I'm not sure if it's light intensity or color, myself. I do know that Philips
is doing a lot of research in the area. If you have a Philips light that can
change color (or can get one), turn it up to bright blue in the morning, and a
pleasant / warm red in the evening. That should help.

I for one wouldn't mind a shifting color setup at home. Maybe I'll buy myself
one of those lights sometime. Right now I mainly have reddish lights (woo,
Lidl), but also because I mainly have lights on in the evening. And I don't
generally have issues waking up in the morning. At least not once I'm out of
bed, :p.

------
rietta
Neat. Flux has been one of my favorite tools for years.
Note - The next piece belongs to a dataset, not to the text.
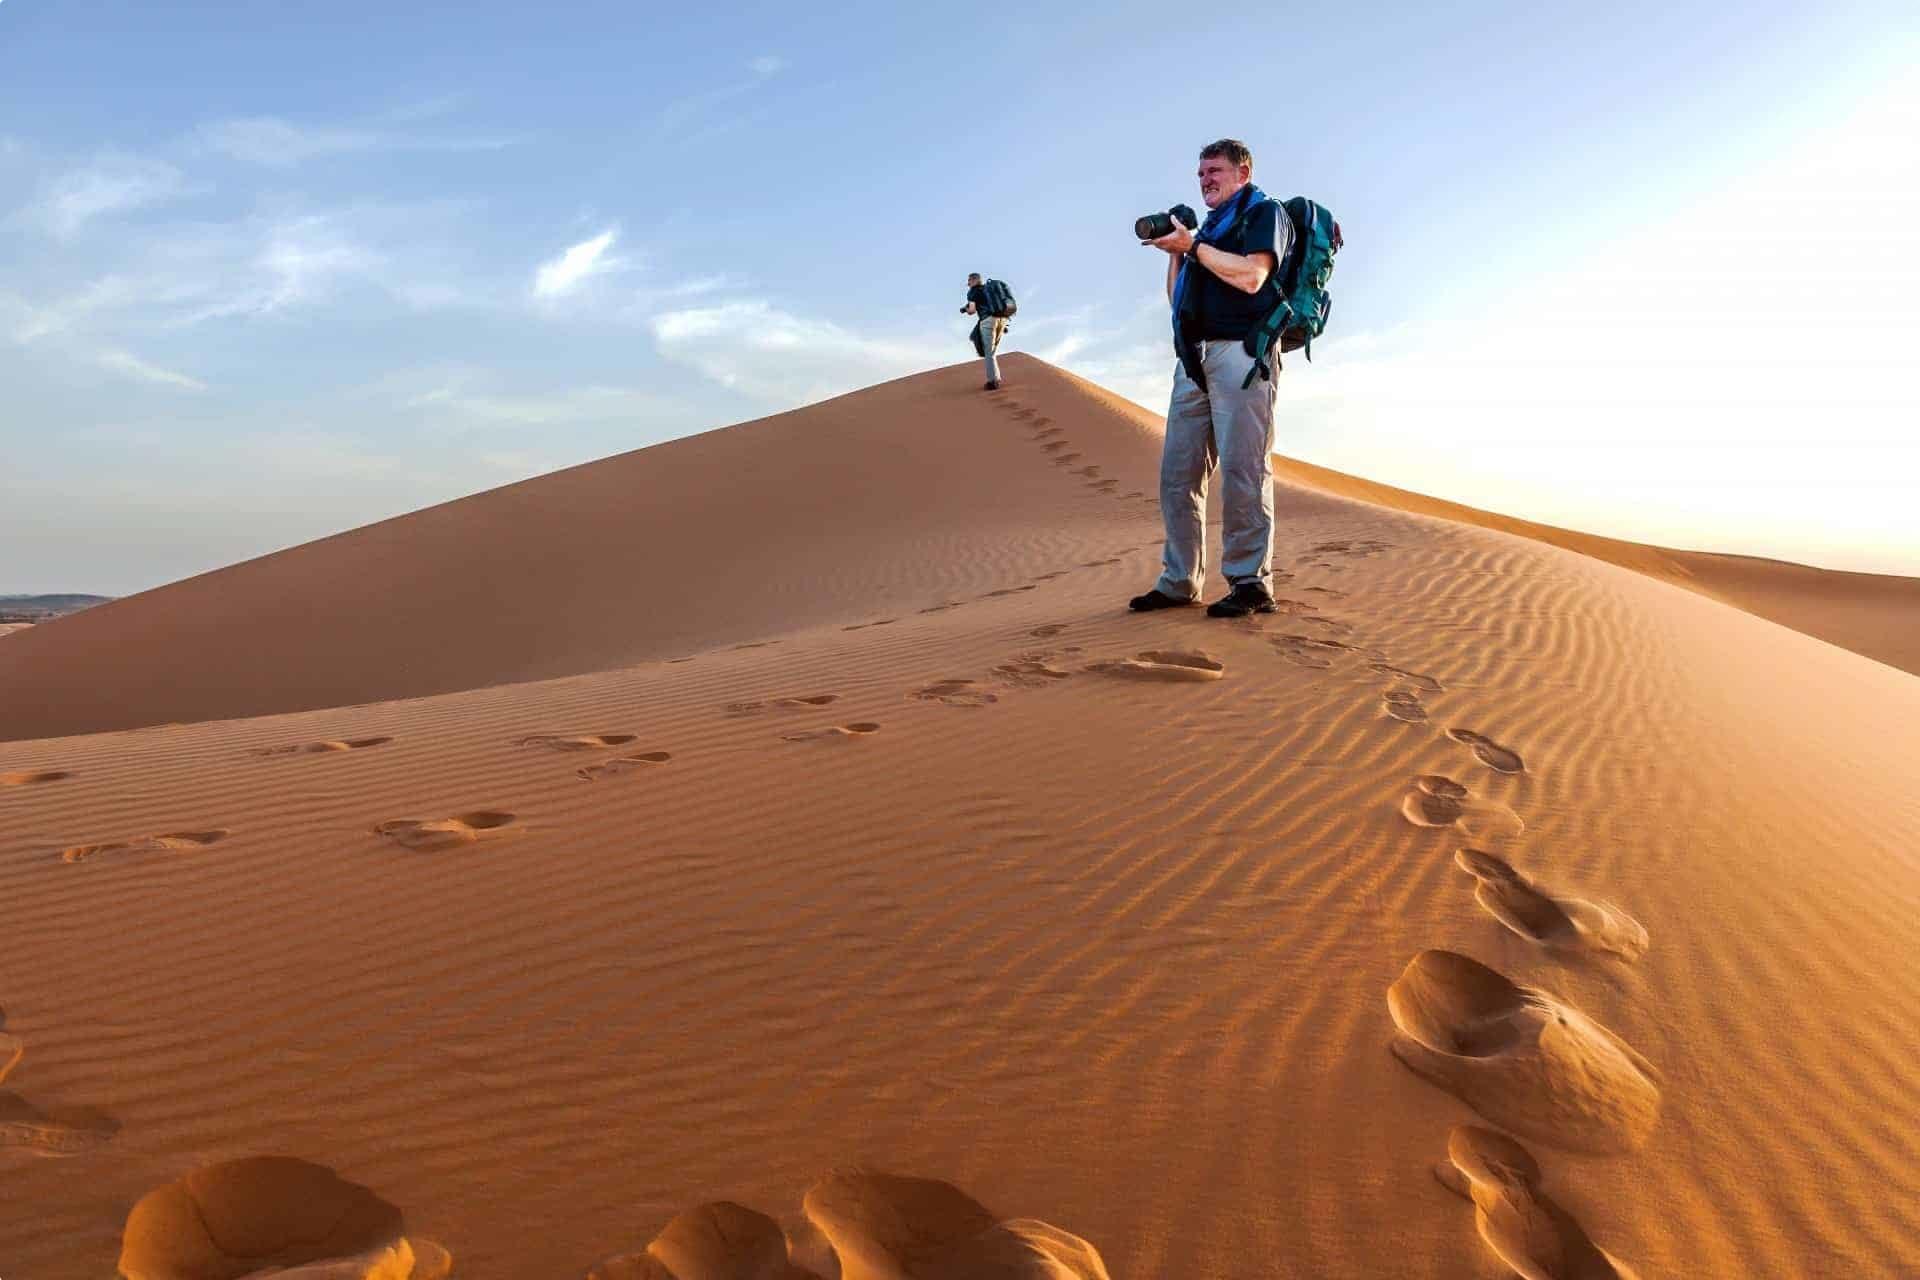 morocco sand dune seniors desert

There have been times
that I have had to use its "disable for an hour" function late at night and
the sudden brightness change is actually painful. It's easy to forget just how
bright monitors are.

------
StavrosK
_WARNING_ : If you want to try this for the first time, wait until mid-day.
The first transition is quite jarring, but trying it in the day will make it
much smoother (to the point where, if you disable it at night, you will
quickly curse and re-enable it).

------
yock
Just yesterday I was in the office late and was struggling with the bright
monitor in a dimming room. The reminder that this software exists comes at a
very nice time of year for those north of the tropics.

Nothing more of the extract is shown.